RESEARCH TRIANGLE PARK – United Therapeutics Corp. (Nasdag:UTHR) has received approval from the U.S. Food and Drug Administration (FDA) of its New Drug Application (NDA) for the use of Remodulin injection in its implantable system for treating pulmonary arterial hypertension (PAH).

PAH is a  life-threatening disease of high blood pressure in the arteries carrying blood from the heart to the lungs. It gets worse over time and can make ordinary tasks such as walking, climbing stairs or toting grocery bags difficult for the sufferer.

The FDA approved Remodulin to treat PAH via continuous subcutaneous administration in 2002 and by continuous intravenous methods in 2004,  both methods using external pumps.

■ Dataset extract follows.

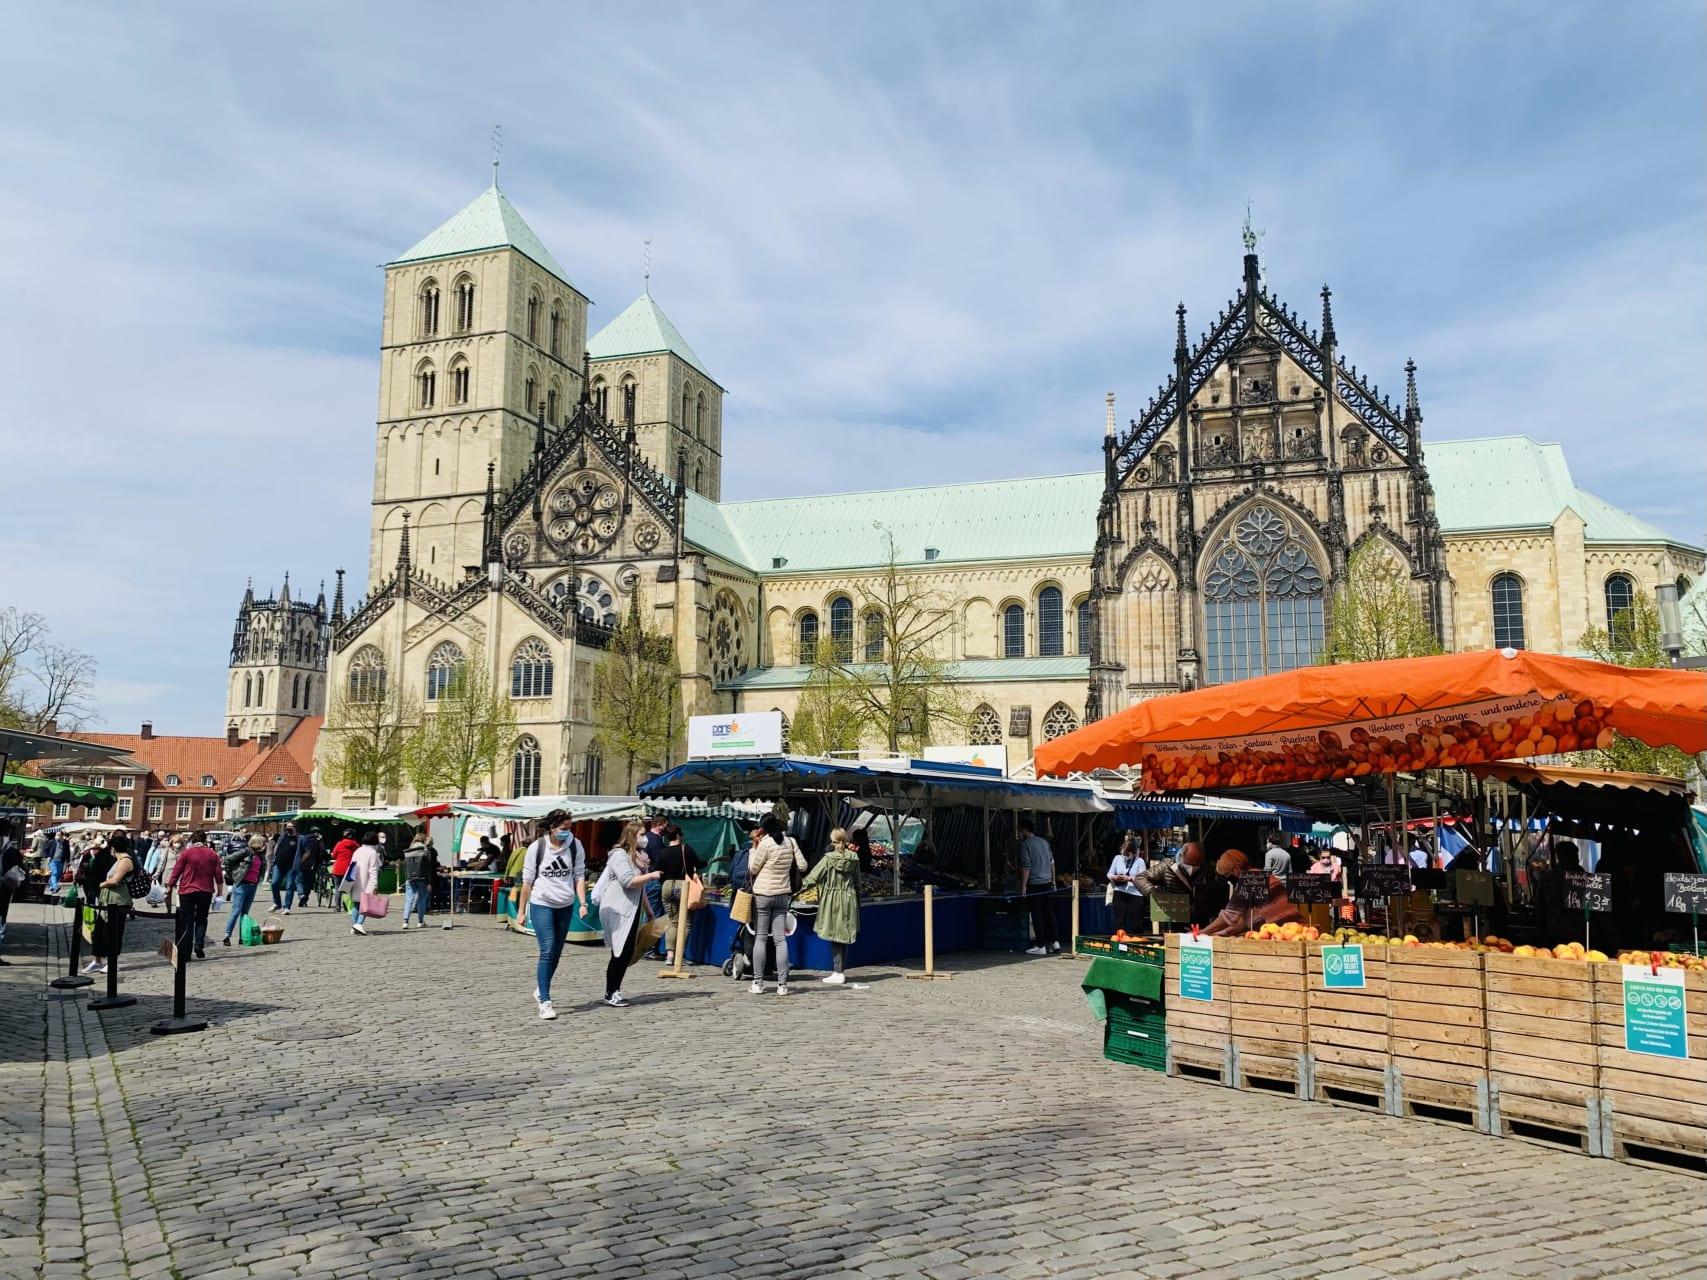 Munster - Market Tour of Medieval Town

According to the company, “In the case of intravenous users, the therapy can be very burdensome and brings a risk of sepsis due to the use of a central indwelling catheter.”

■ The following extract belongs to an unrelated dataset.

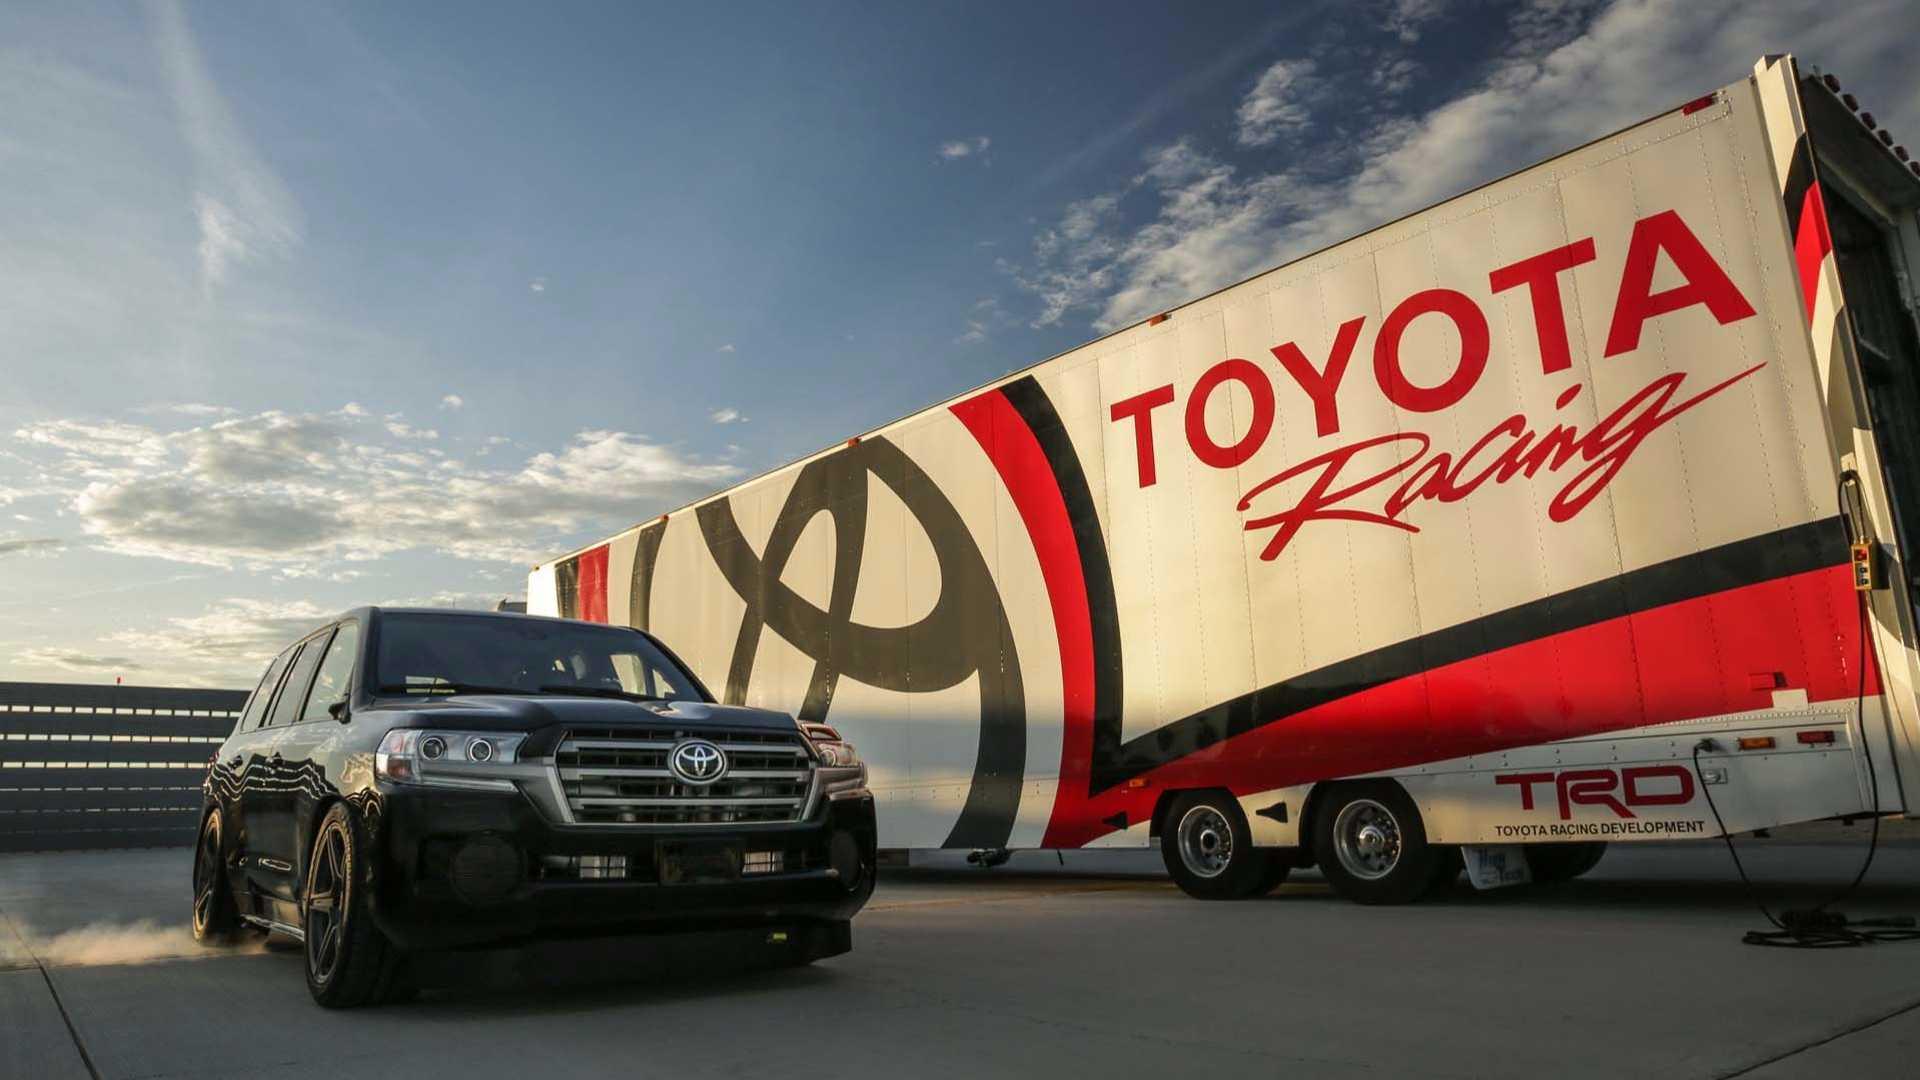 Toyota_Land_Cruiser_Speed_Record_07

United Therapeutics, based in Silver Springs, MD, and Research Triangle Park, developed the implantable system for Remodulin (ISR) with Medtronic (NYSE:MDT), which the FDA approved in 2017.

The company states that “The ISR provides patients a new option for delivery of intravenous Remodulin, where the entire delivery system is implanted into the body and will be refilled by healthcare professionals at intervals of up to 16 weeks depending on the patient’s dose, using a syringe needle through the patient’s skin.”

“We are extremely excited to offer this new option to patients suffering from PAH,” said Martine Rothblatt, Ph.D., chair and CEO of United Therapeutics, in a statement. “During the course of the DelIVery study, we received considerable physician and patient interest in the ISR. We are grateful to our collaborators at Medtronic for reaching this milestone and look forward to continuing our collaboration.”